So the equivalent to your personal portfolio when making investments aren't your personal donations, but the aggregate donations of everyone. And since you aren't the only one making donations the donations are already diversified, so you are free to pick something underrepresented with high yield (which will almost certainly still be underrepresented afterwards). If you manage 0.1% of a $ 10,000,000 portfolio with 90% in government bonds it makes no sense to invest any of that 0.1% in government bonds in the name of diversification.
Makes sense, but it seems to me that if there are many underrepresented high yield charities, you should still diversify among them.
Why would charities behave any differently than profit-making assets? Do you think that charities have less uncertainties?
The confusion concerns whose risk is relevant. When you invest in stocks, you want to minimize the risk to your assets. So, you will diversify your holdings.
When you contribute to charities, if rational you should (with the caveats others have mentioned) minimize the risk that a failing charity will prove crucial, not the risk that your individual contribution will be wasted. If you take a broad, utilitarian overview, you incorporate the need for diversified charities in your utility judgment. If charity a and b are equally likely to pay off but charity a is a lot smaller and should receive more contributions to avoid risk to whatever cause, then you take that into account at the time of deciding on a and b, leading you to contribute everything to a for the sake of diversification. (It's this dialectical twist that confuses people.)
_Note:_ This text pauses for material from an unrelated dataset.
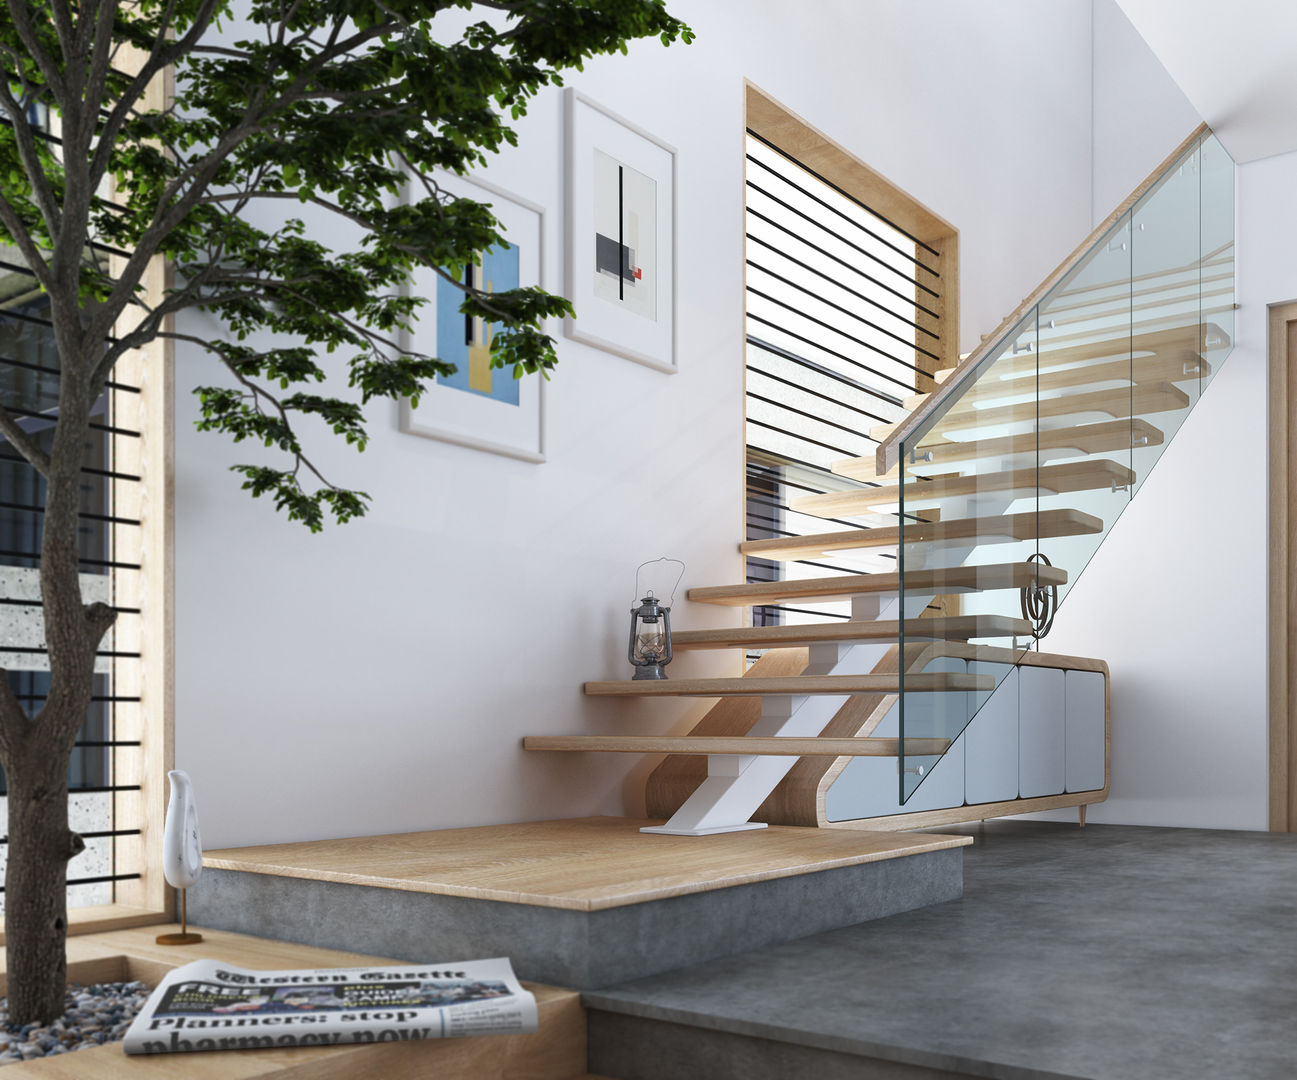 House 516, Studio Gritt Studio Gritt Stairs Building,Plant,Stairs,Fixture,Wood,Urban design,Composite material,House,Real estate,Wood stain

If your contribution is large enough relative to the distinctions between charities, then diversification makes sense but only because your contribution is sufficient to tip the objective balance concerning the desirable total contributions to the charities.
leading you to contribute everything to a for the sake of diversification. (It's this dialectical twist that confuses people.)
This is the most insightful thing I've read on LW today.
There's additional issue concerning imperfect evaluation.
Suppose we made a charity evaluator based on Statistical Prediction Rules, which perform pretty well. There is an issue though. The charities will try to fake the signals that SPR evaluates. SPR is too crude to resist deliberate cheating. Diversification then decreases payoff for such cheating; sufficient diversification can make it economically non viable for selfish parties to fake the signals. Same goes for any imperfect evaluation scheme, especially for elaborate processing of the information (statements, explanations, suggestions how to perform evaluation, et cetera) originating from the donation recipient.
You just can not abstract the imperfect evaluation as 'uncertainty' any more than you can abstract a backdoor in a server application as noise in the wire.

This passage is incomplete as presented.